A year ago, Afthim contacted QVC about becoming a vendor. She had no company and yet they asked for samples.


She sent them the week before Christmas and within two weeks she was on a conference call…they wanted her meatballs.


“That’s my personality. I’m not afraid of the word ‘no’. I went to the top and it worked out,” she said. Tenacity is the word she uses to describe herself. “I want to inspire people. They don’t have to be labeled disabled. They just need to find a way to figure out a different path in life,” Afthim said.


She will be in the Sprouts program for new businesses and her first order for QVC is $10,000. They plan to sell the product for $40 for a bag of 24 – 1 ounce balls.

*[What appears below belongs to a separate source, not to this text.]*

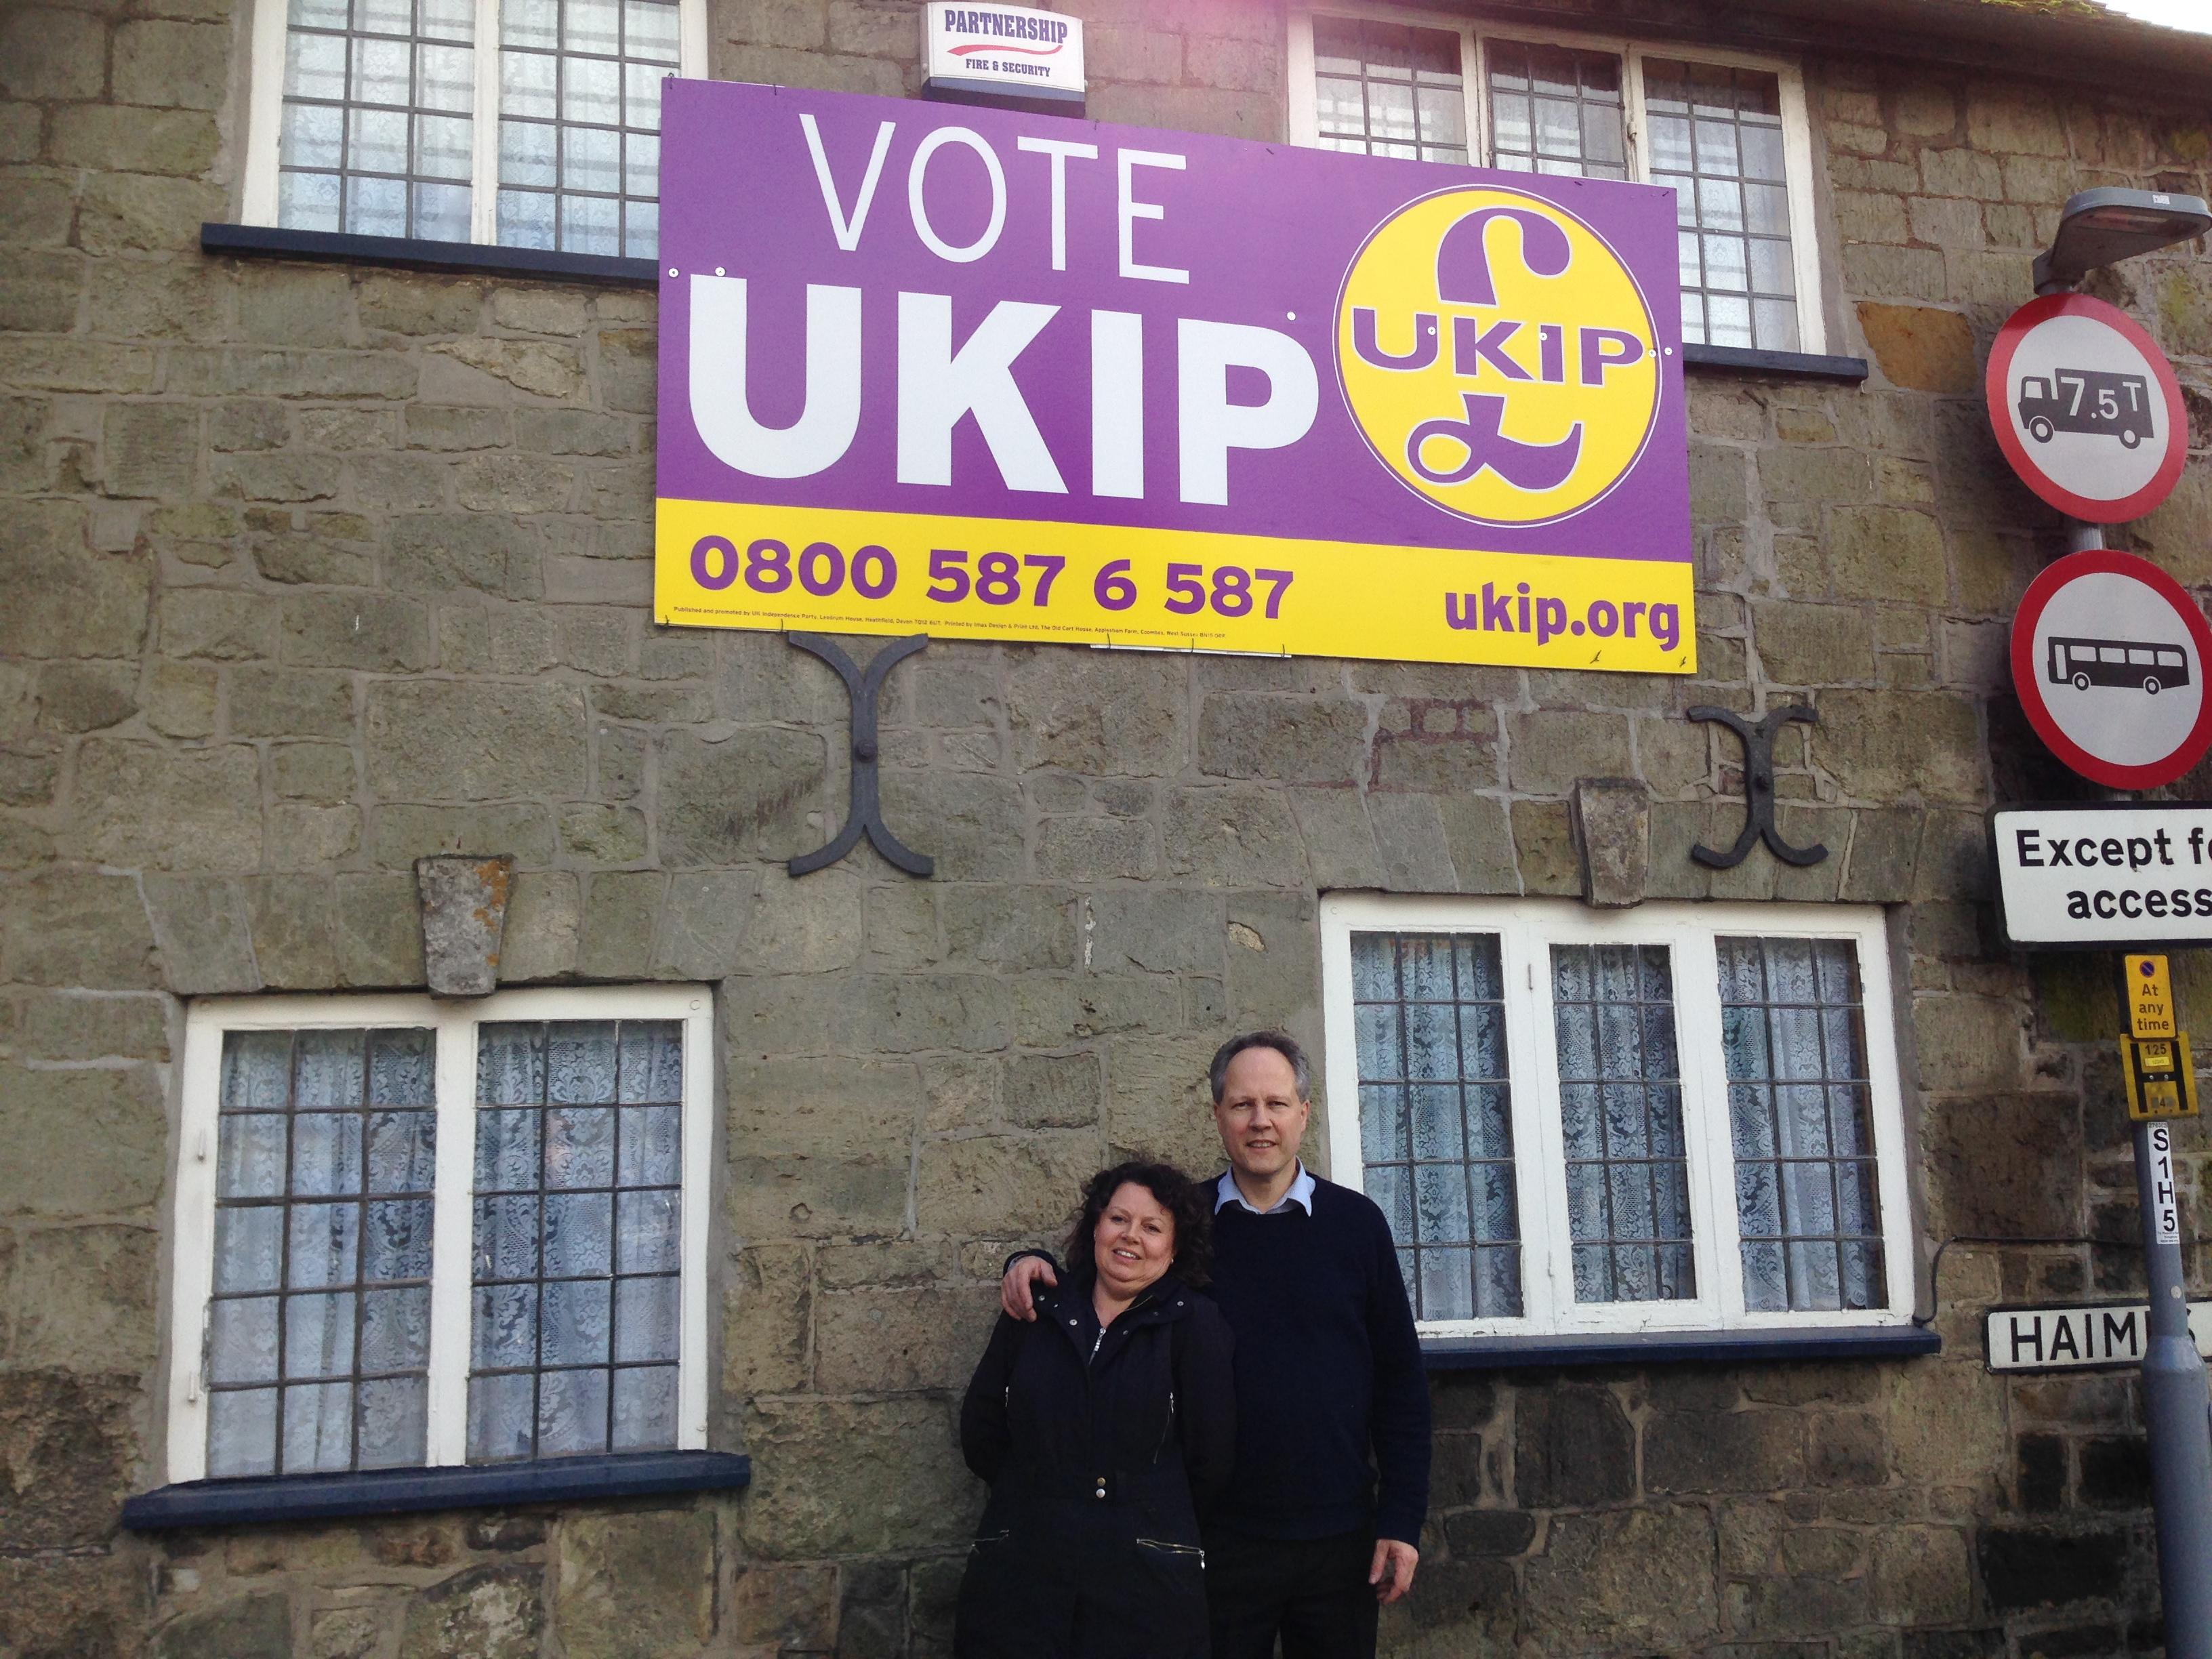 Steve Unwin and UKIP Poster

Her biggest challenge was getting her labels past the USDA. It took one year to get the label approved. She also hired a manufacturer in Bangor so she will no longer have to make them at home, unless she wants to. She is continuing to sample new flavors and hopes her next meatball will be southern barbeque, bacon and cheddar.


Finding the meatballs right now might pose a challenge, but Afthim hopes to have a website up and running soon. She is also on www.kickstarter.com to raise money to produce her first order.






“When someone tries them for the first time, they pause to look down at their plate to see what they are eating. That’s fun,” Afthim said.